### What you will do:
For this exercise, write out the full listing that follows exactly and skip its pictures.

### Data provided:
# # # #

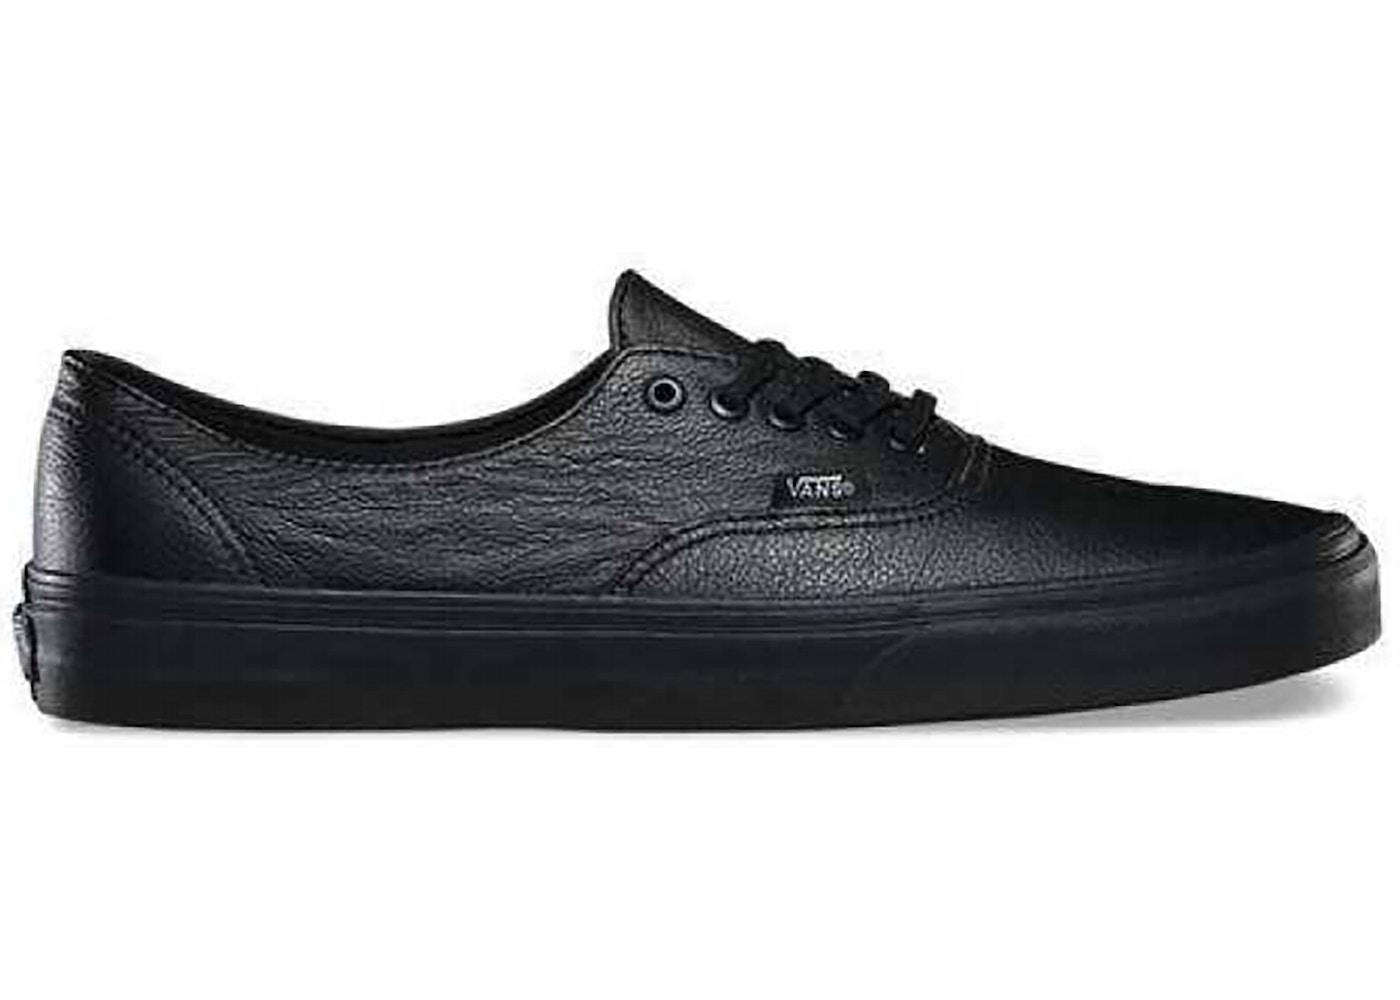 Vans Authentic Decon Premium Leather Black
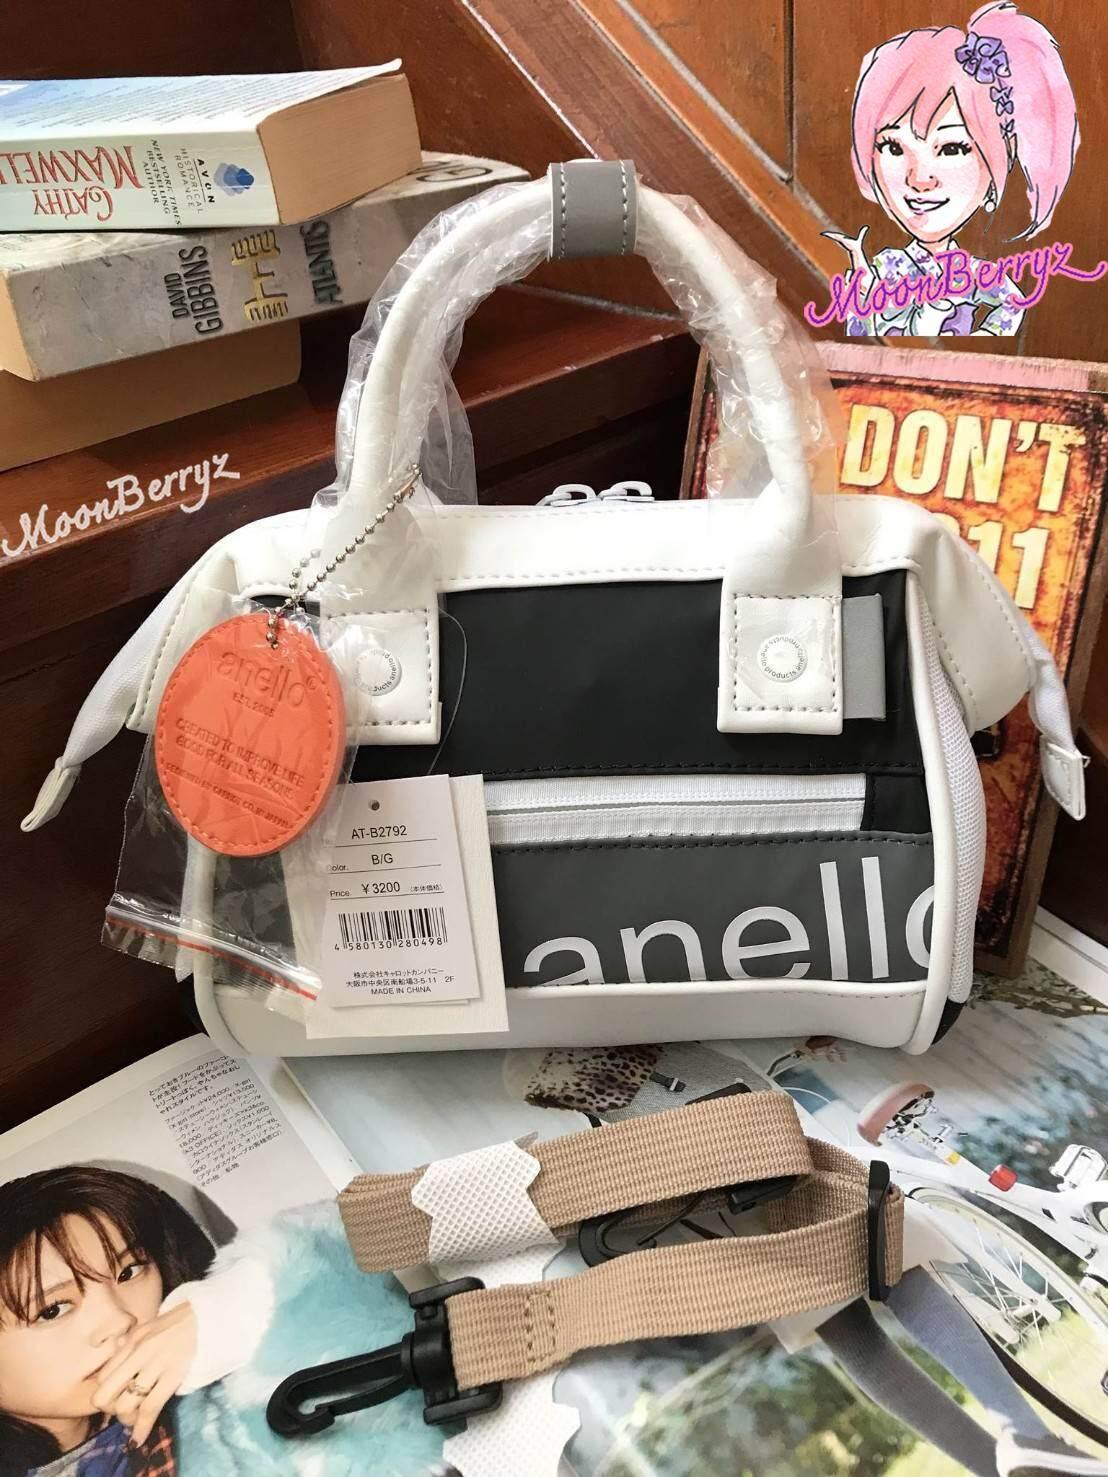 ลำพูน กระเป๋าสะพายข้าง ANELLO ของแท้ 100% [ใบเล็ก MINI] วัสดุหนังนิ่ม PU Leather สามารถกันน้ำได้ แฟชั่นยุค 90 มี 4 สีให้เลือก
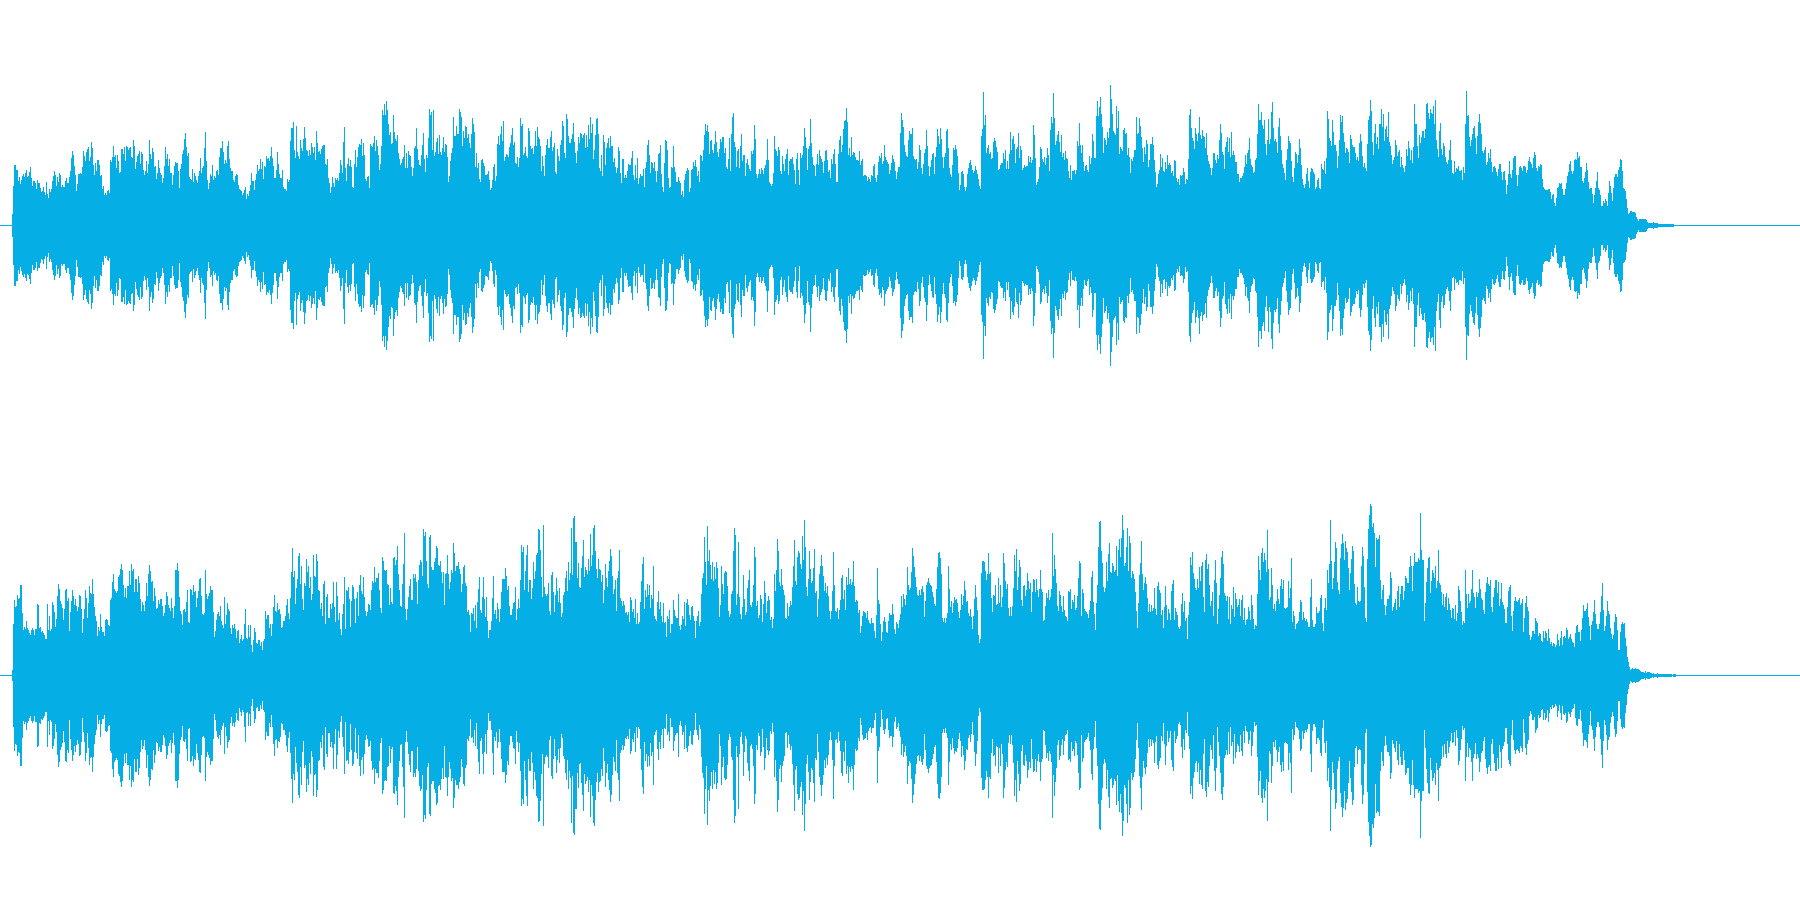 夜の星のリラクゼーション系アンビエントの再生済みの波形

# # # #

### Your response:
 Vans Authentic Decon Premium Leather Black
 ลำพูน กระเป๋าสะพายข้าง ANELLO ของแท้ 100% [ใบเล็ก MINI] วัสดุหนังนิ่ม PU Leather สามารถกันน้ำได้ แฟชั่นยุค 90 มี 4 สีให้เลือก
 夜の星のリラクゼーション系アンビエントの再生済みの波形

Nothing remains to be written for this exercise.